I have heard of functional programming for a long time, and I remember it as a very obscure programming mode, but I have not been to understand it.

It happened to be my turn to host the week of the group, so I didn’t think of anything to share. In a flash, I chose the topic of functional programming. Anyway, my colleagues in the group have not learned it, so I just need to explain the basic knowledge, and I can take this opportunity to force myself to learn this new way of programming.

In addition to Lisp, Scheme, Haskell, Erlang, and other specialized functional programming languages, Many of the general-purpose programming languages we use (Java, Python, Ruby, Javascript, etc.) support the functional programming pattern. In consideration of the actual situation, Python was chosen as the starting language for functional programming, since the team was familiar with Python and it would not be too difficult to use it as a starting point.

After information query and preliminary study, I have some concepts of functional programming, and formed PPT sharing after sorting.

Here’s what we shared.

The target

When learning a new technology or programming language, we usually start with concepts and features. For those new to functional programming, there are a few things you might want to know:

  • What is functional programming?
  • What are the characteristics of functional programming?
  • What is functional programming for?
  • What are the advantages and disadvantages of functional programming compared to imperative and object-oriented programming?

But I didn’t go that far with this presentation, because I felt that by filling the audience with too many concepts at the beginning, they would get confused. Because a search of data shows that it is difficult to have a coherent definition of what functional programming is. And since I am new to it, there may be a big deviation in my understanding.

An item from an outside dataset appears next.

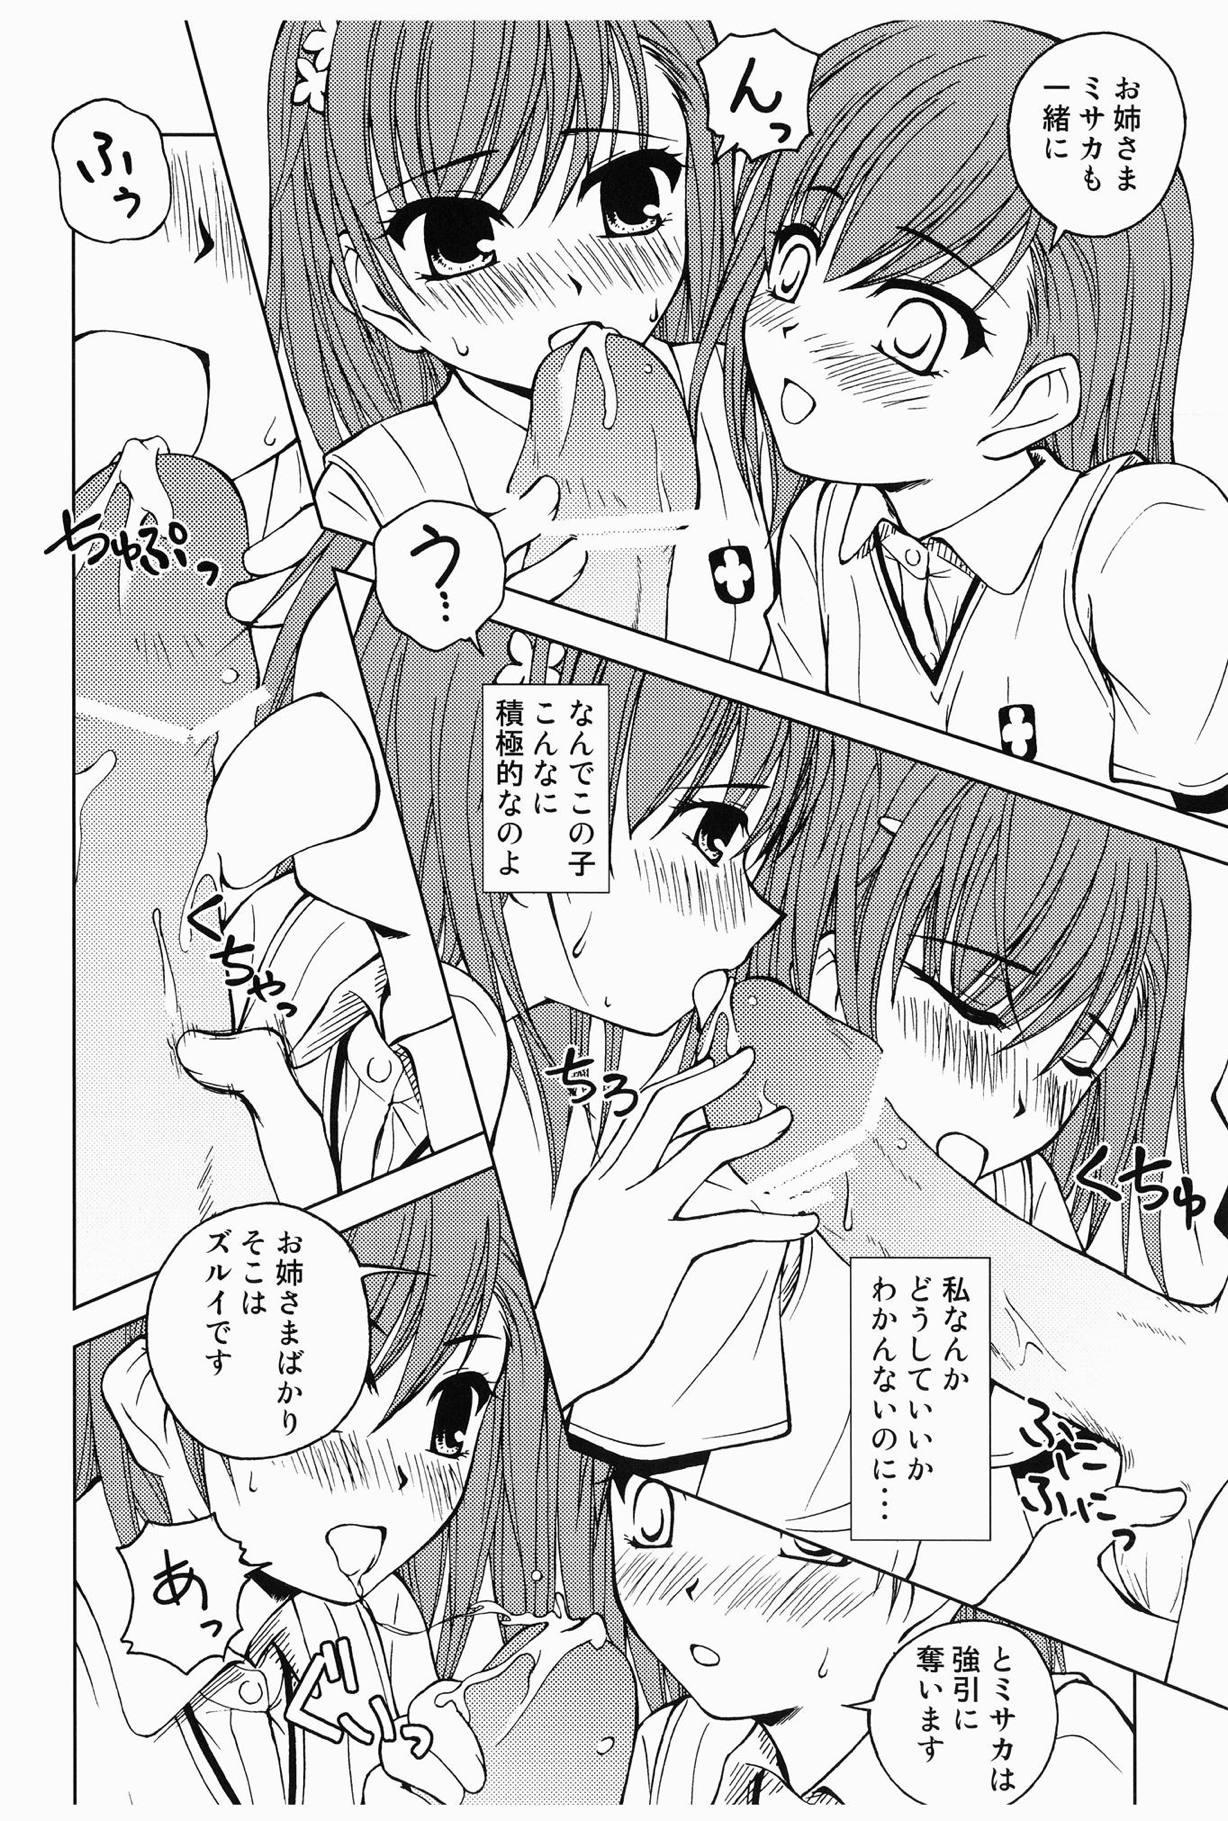 Girlongirl Touma to Misaka to Railgun - Toaru kagaku no railgun Cdmx - Page 7

Therefore, I decided to start with the familiar imperative programming as much as possible, and show the audience how functional programming can be thought of differently with lots of examples. After that, I will look back at these questions and believe that the audience should have a deeper understanding.

Taking the actual situation into consideration, we hope to achieve the following goals:

  • Understand the main differences between functional and imperative programming
  • Master the basic functions and operators of Python functional programming
  • Converts simple imperative programming statements into functional programming

Imperative programming & Functional programming

Starting with the familiar imperative of programming, let’s review the main scenarios of writing code.

In fact, no matter how complex our business code is, it needs the following types of operations:

  • Function definition: def
  • Conditional controls: if, elif, else
  • Loop control: for, break, continue, while

Of course, this is only part of the operation type, but there should also be classes and modules, exception handling, and so on. But for starters, let’s just focus on the three most common operations.

Functional programming, in turn, has its own keywords. In Python, functional programming consists mainly of three basic functions and one operator.

  • Basic functions: map(), reduce(), filter()
  • Operator: lambda

Surprisingly, you can implement almost any Python program with just a few functions and operators.

Of course, it’s one thing to implement it; it’s another thing to actually code it. It would be awkward to write all of your code in just a few basic units, both in terms of presentation and reading. However, trying to use these basic units in place of function definition, conditional control, loop control, and so on, as described above, should be helpful in understanding how functional programming expresses flow control through functions and recursion.

Before attempting to convert imperative programming into functional programming, we need to familiarize ourselves with these basic units.

The basic unit of Python functional programming

lambda

Lambda is a keyword that exists in many languages. In short, it can achieve the function creation function.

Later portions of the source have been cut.